The Dicastery for the Doctrine of the Faith (DDF) received five new abuse complaints against the former Jesuit Fr Marko Rupnik.
Laura Sgrò, a lawyer known for her role in a number of Vatican cases, presented the complaints to the DDF on 3 April to include in its investigation of Rupnik opened in October last year after Pope Francis lifted the statute of limitations in his case.
There are now understood to be at least 20 complaints against Rupnik.
Two of the new complainants, Miriam Kovac and Gloria Branciani, made public allegations against Rupnik in a press conference alongside Sgrò in February. They described his spiritual, psychological and in Branciani’s case sexual abuse perpetrated in the 1980s and 1990s, when they were sisters of the Loyola Community of which he was a founder.
Rupnik was a distinguished artist and theologian until incidents of his alleged abuse became widely known in late 2022.
The Vatican’s handling of the scandal has drawn widespread criticism, renewed in recent weeks after the 2024 Annuario Pontificio directory listed him as a consultor to the Dicastery for Divine Worship.
His name also appeared on the dicastery’s website, and both still described him as a Jesuit, although the Society of Jesus expelled him last July for his “refusal to observe the vow of obedience” as it attempted to respond to the abuse allegations.
A dicastery official told the Canadian ultraconservative outlet LifesiteNews on 18 April that Rupnik’s name had been included in the directory from previous editions in error. It has since been removed from the website.

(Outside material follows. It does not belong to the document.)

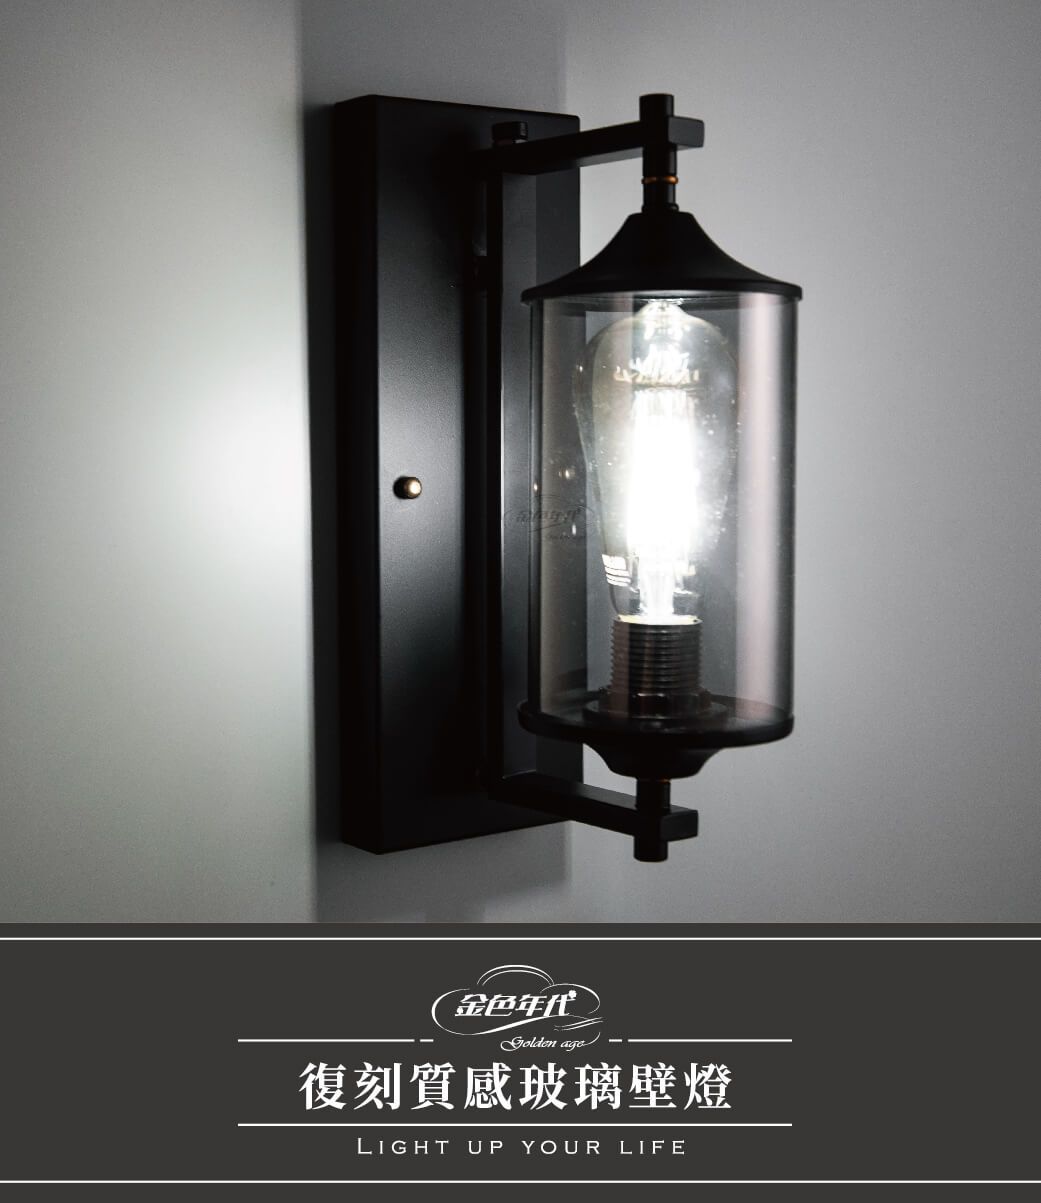 GA10官網圖文-復刻質感玻璃壁燈_01

Rupnik’s had a considerable reputation as a liturgical artist, based at the Centro Aletti in Rome, and his work decorates many prominent Church sites including the Shrine of Lourdes, where a commission is due to report imminently on the future of his mosaics outside the basilica.

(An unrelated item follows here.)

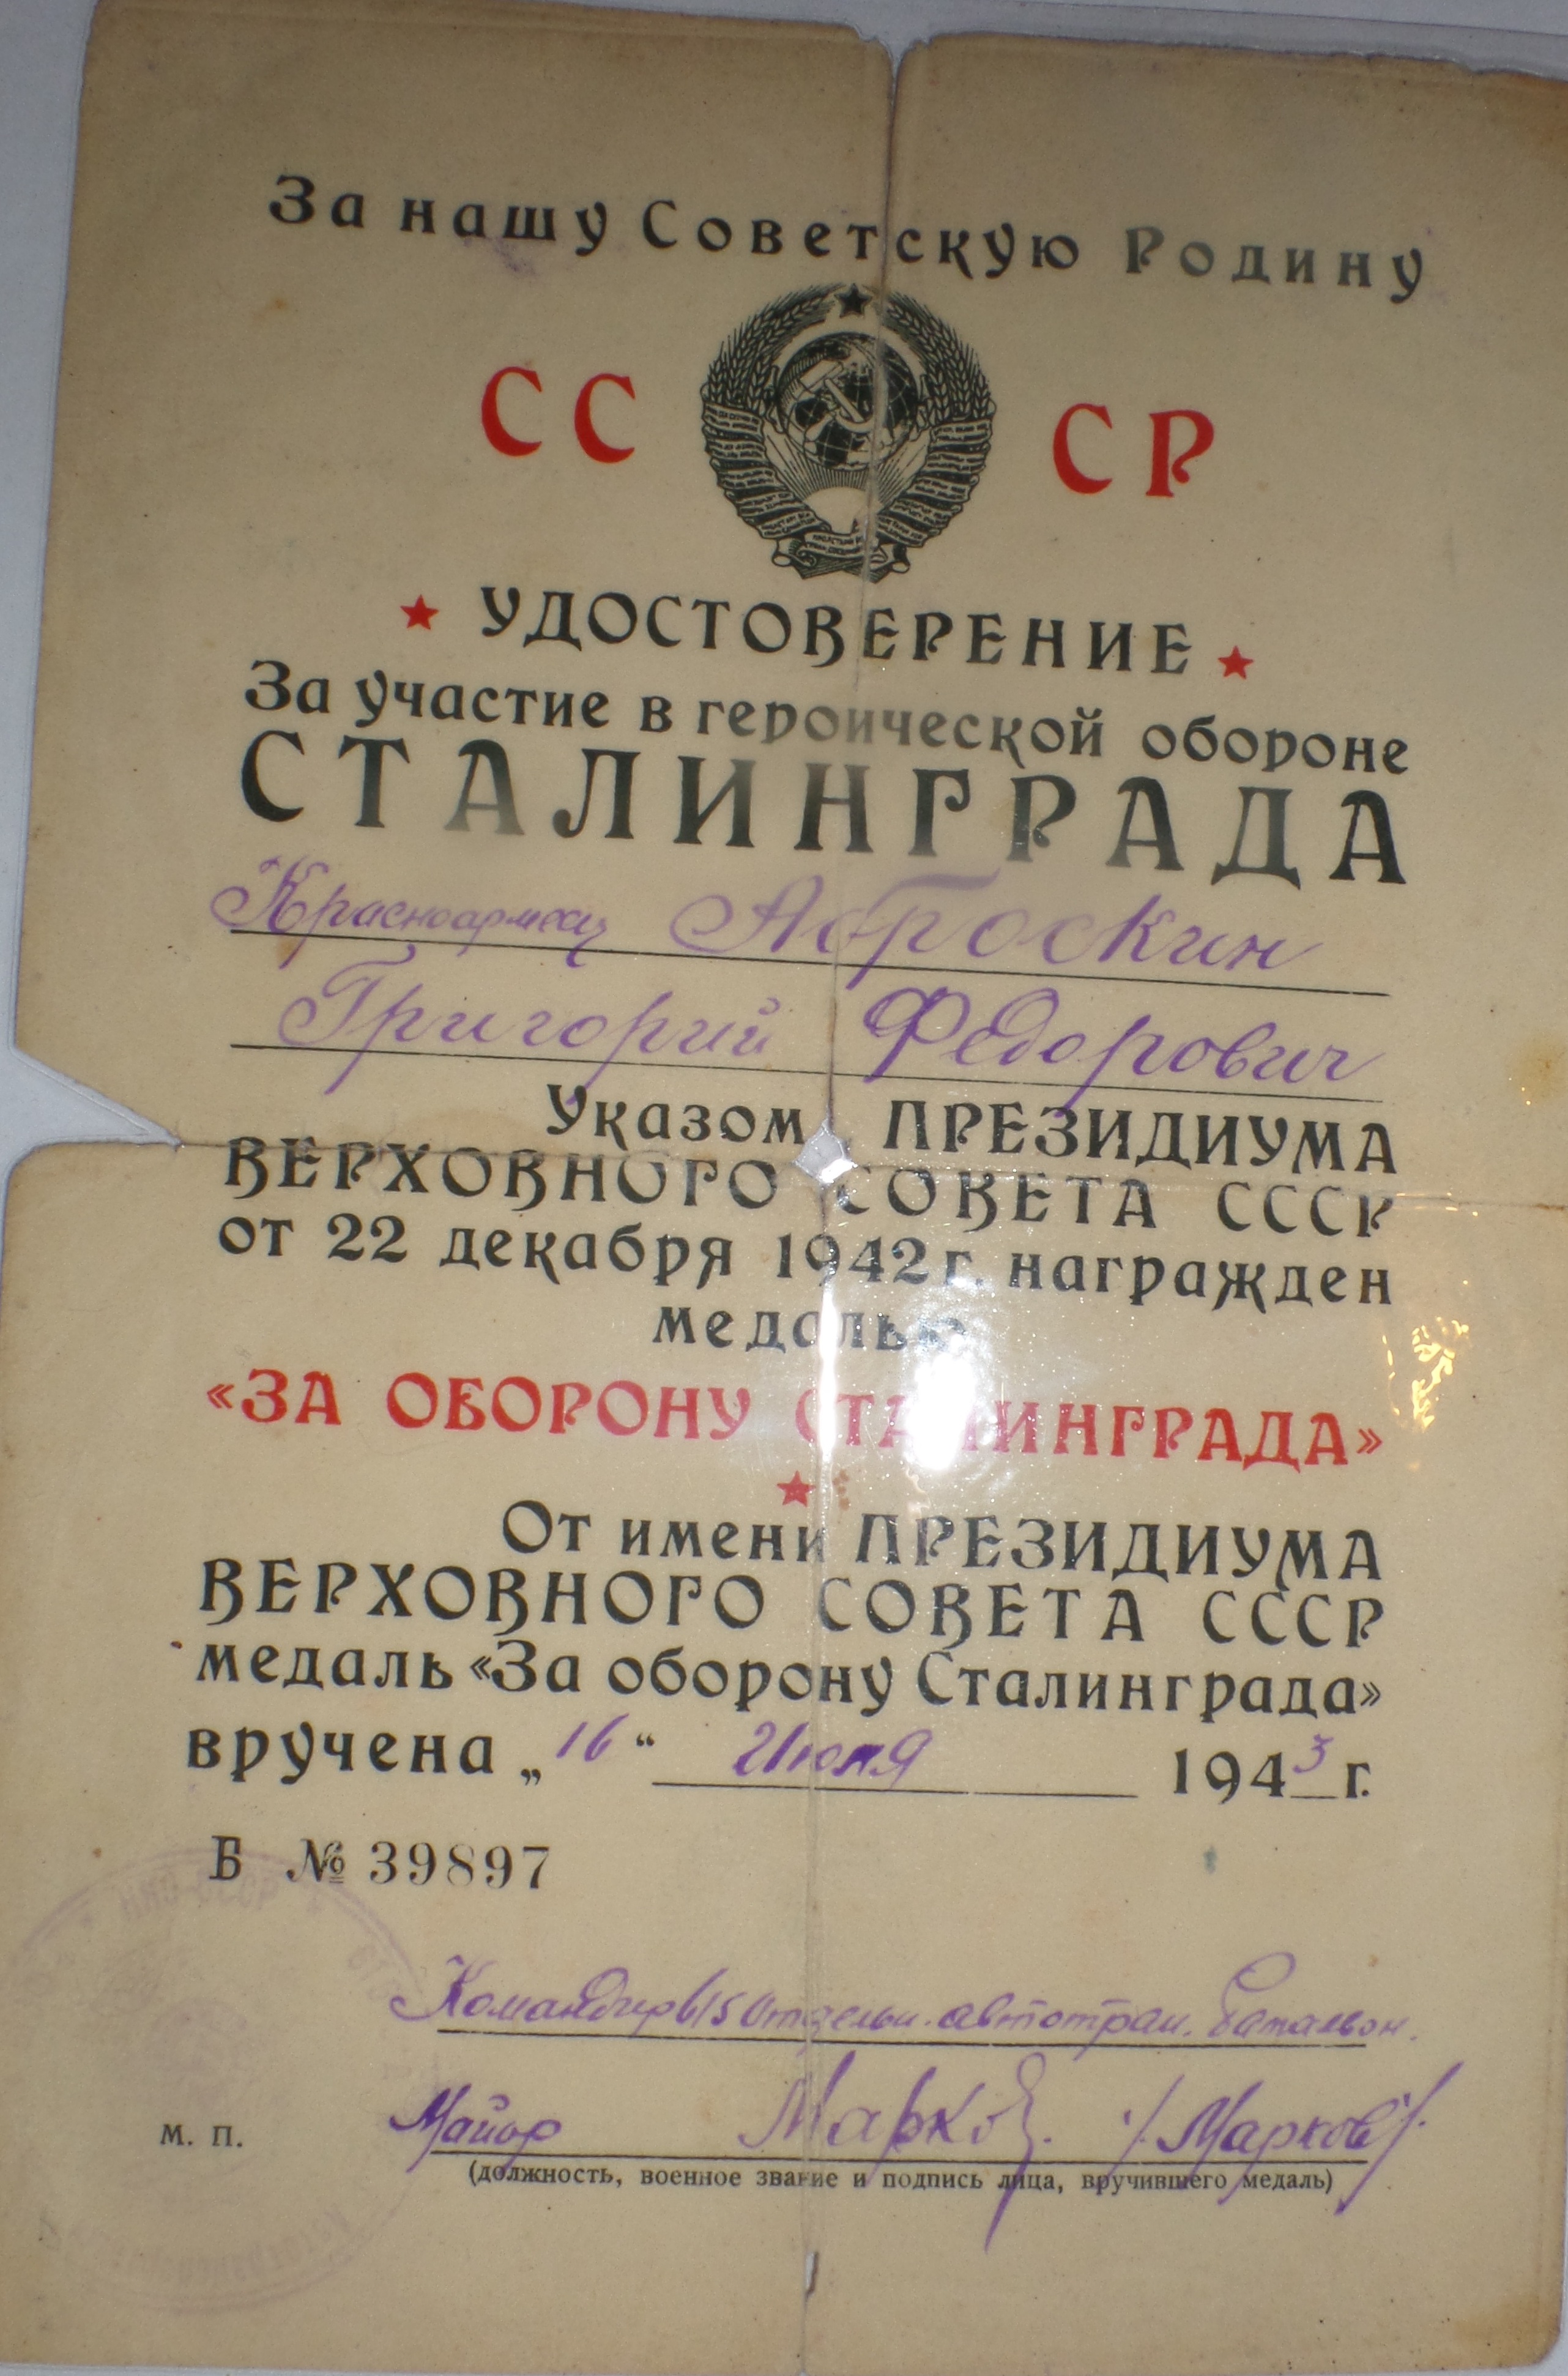 Аброськин Г.Ф. Удостоверение к медали «За оборону Сталинграда», медаль вручена 16 июля 1943 года

In the US, council of the Knights of St Columbus in Washington, DC has asked the order’s national leadership to remove his mosaics from the city’s St John Paul II Shrine, which it sponsors, to be “replaced with liturgical art suitable to the celebration of the sacraments”.
At a LOUDfence service in the UK this week, shoes representing sisters abused by Rupnik were placed before the altar alongside a pair of shoes belonging to a seminarian who was abused during his studies.
Bishop Patrick McKinney of Nottingham joined clergy at St Anne’s Church, Buxton in prostrating himself before the altar during the service of healing and support for victims and survivors of abuse.